A family office called me in to review and analyze a proposed premium finance deal. After gathering the details of what the family was trying to accomplish and requesting presentation materials, insurance ledgers and financing term sheets, I dove into it.
The advisors let me know that one of the primary things they wanted to understand was what their “bail out” option would be in 10 years. In other words, they wanted to understand their options in a worst case scenario, which is an important thing to get one’s arms around.
This plan was built around a 10 pay whole life contract and the collateral for the policy was to be an existing whole life contract on the same individual, the matriarch of the family. A part of my analysis was a historic comparison of whole life dividend, and how they move in relation to the interest rate markets, to LIBOR rates. An important and revealing aspect of this for the advisors was how the policy dividends really work and how they are applied.
What I discovered through the process was that the advisors were significantly misinformed about the inherent workings of a traditional whole life contract in a couple of different ways. This is very important because the premise of the deal was to make hay on the spread between the crediting rate of the policy and the loan rate for funds to pay the premiums. The deal was postured to appear that there was a spread when, in fact, no such spread existed.
In the presentation materials the loan rate was assumed to be very low at less than 4% and the dividend of the policy was shown to be 6.4%, which was actually true. There are a couple things that make these numbers not real. First, the loan rate would assuredly increase over time and this was not accurately accounted for and the dividend rate of the policy is not the same as the effective growth rate of the policy cash value.
How can the growth rate for the policy and the declared dividend rate of the policy not be the same? The answer is: Expenses.
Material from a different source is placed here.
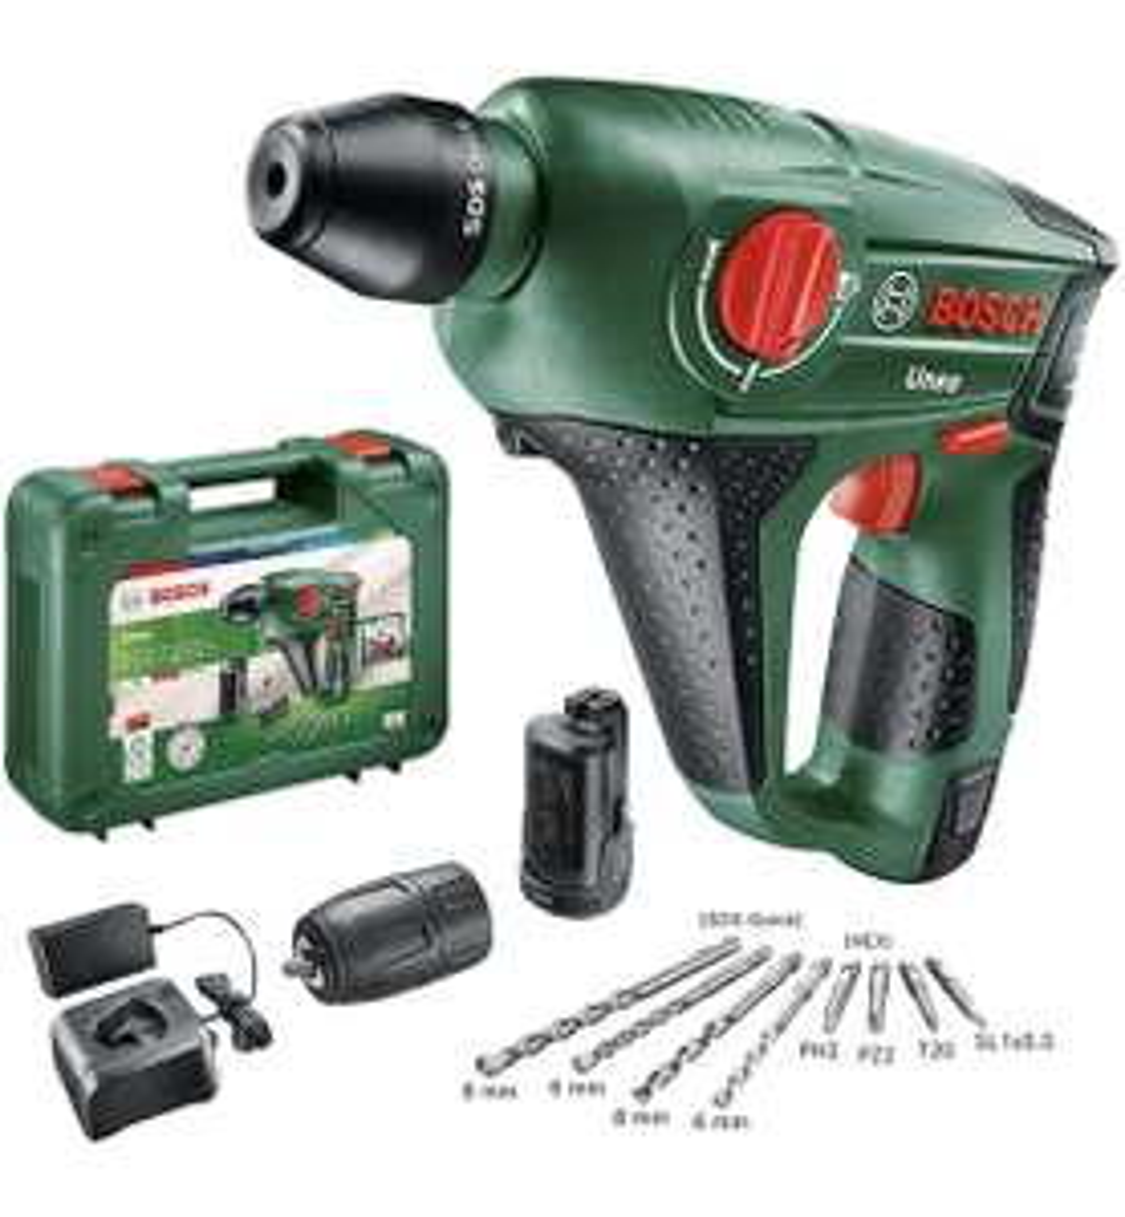 Bosch Akku Bohrhammer Uneo (2 Akku, 12 Volt System, max. Bohrerdurchmesser Beton 10mm, im Koffer)

While the dividend rate is actually credited to the cash value, after all of the expenses, including commissions, overhead costs, mortality charges, policy fees, state taxes, etc, are deducted, the actual internal rate (IRR) of return on the premiums to cash value are only about half the declared dividend rate at the proposed point of roll out. At the 10 year point the IRR on premium to cash value was only a fraction of one percent, this after eight figures of premiums was poured into the contract.
What we have is reverse arbitrage, which I am sure no-one entering the contract was looking for. When the loan rate is, in realty, greater than the growth rate of the cash value, clearly the cash value cannot grow in excess of the loan in order to pay it back some day.
The bottom line is that the deal was going to be underwater from day one and continue to sink every day moving forward. When I evaluated the bail out option in year 10, not only would the new $20,000,000 policy be lost, if the collateralized cash value was used to pay back the loan, even the existing life insurance would be lost.
This was an absolute dumpster fire, a train wreck, an abomination of a financial shell game. But we caught it and moved on.